The 10,000-Hour Fallacy

Have you heard of the ’10,000-hour rule’ when it comes to practice? The idea, largely popularized by Gladwell’s book ‘Outliers’, unintentionally suggests that expertise is a short 10,000-hour stroll away. As seductive as this notion might be, one problem exists—it’s patently false!

The fact of the matter is that many studies, particularly for sports, have shown there’s large variability in the amount of practice hours required to reach an expert level of performance. (And perhaps reassuringly for many of us, examples have been cited in research publications of athletes reaching elite performance with less than 10,000 hours on the practice field or mats.)

As Dr. Anders Ericsson—a revered psychologist whose expertise is on, well, developing expertise—has written, ‘the differences between expert performers and normal adults reflect a life-long period of deliberate effort to improve performance in a specific domain.’

Also per Ericsson, deliberate practice ‘involves the provision of immediate feedback, time for problem-solving and evaluation, and opportunities for repeated performance to refine behavior.’

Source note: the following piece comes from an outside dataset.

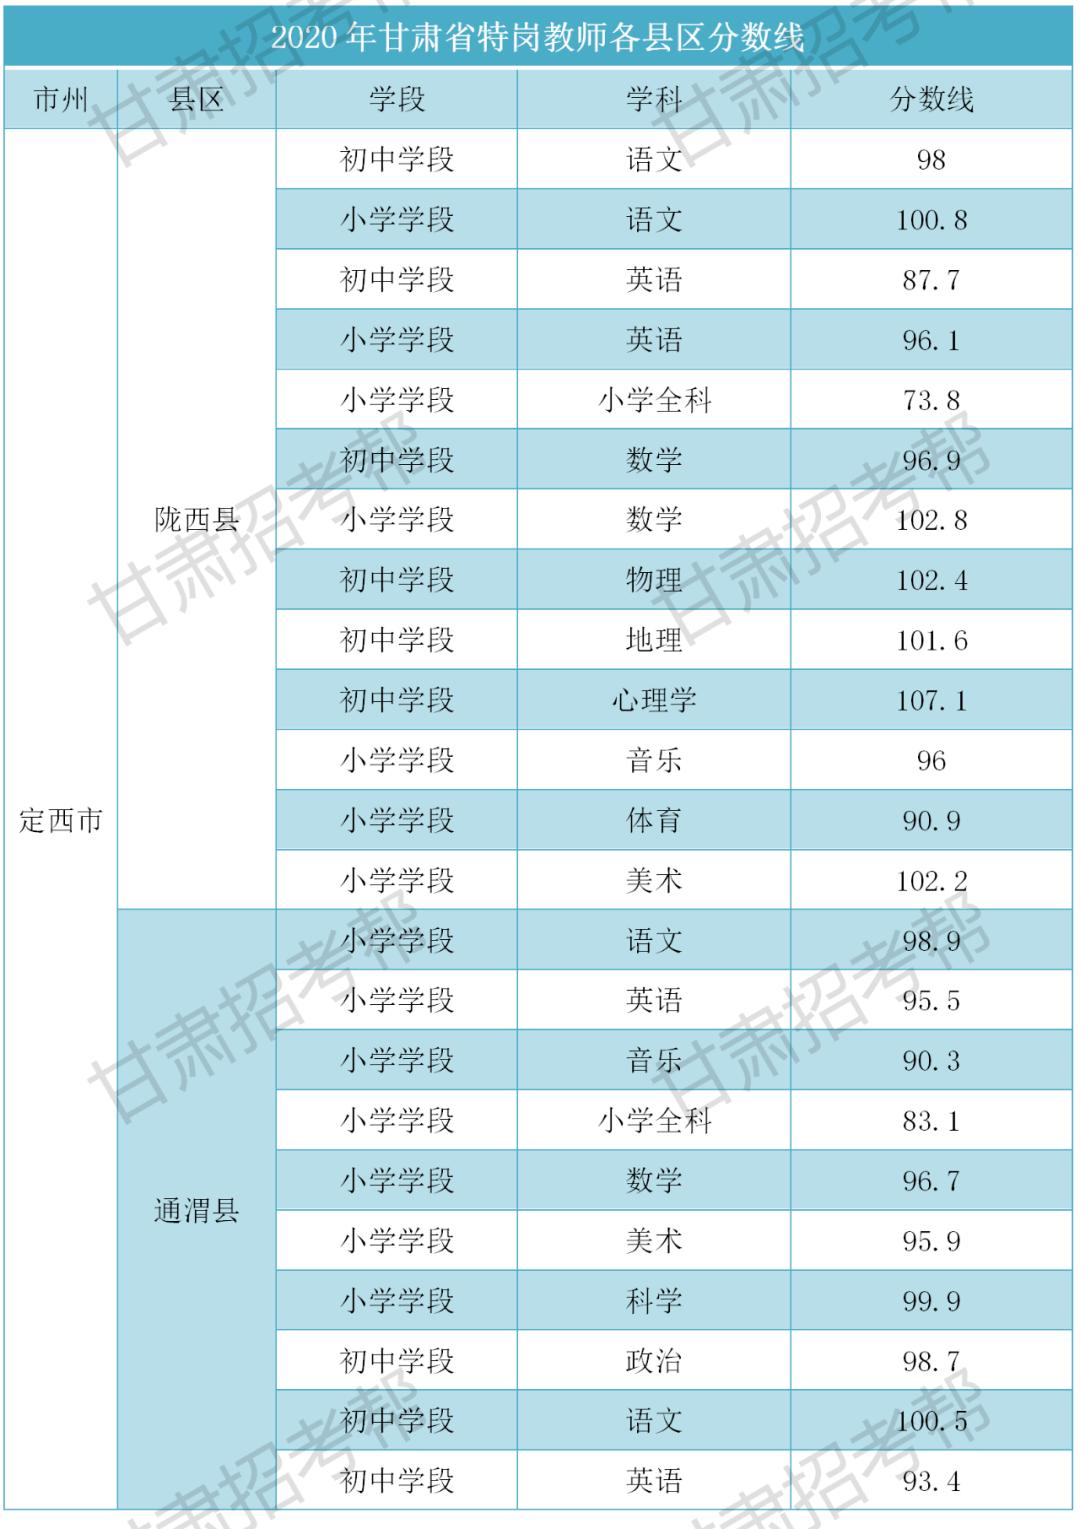 2020年天水特岗排名_2020年的天水南站的图

Deliberate practice shouldn’t just be within the domain of those striving to grapple at the Abu Dhabi Combat Championships or wrestle for an NCAA championship. I’d argue that deliberate practice may be even more important for kids and adults whose pursuit of grappling perfection is avocational, and who can only commit a few hours a week to the practice space.

If that sounds like you, here’s a few tips to undertake a more deliberate practice. First, strive to set clear goals for an immediate time period—I find month-to-month works best—and seek out your coach to help you revise them and build a plan. (And if your coach is too busy to meet with you each month to create and implement an individualized plan, GO FIND ANOTHER COACH!!!)

From there, make sure each of your successive practices have a distinct focus towards the articulated goals—train with the appropriate drills and the partners that create the needed level of challenge.

Finally, seek feedback each week from your coach and training partners regarding your progress. This will help you adapt your practice plan, revise your immediate goals, and help you understand what your successive objectives!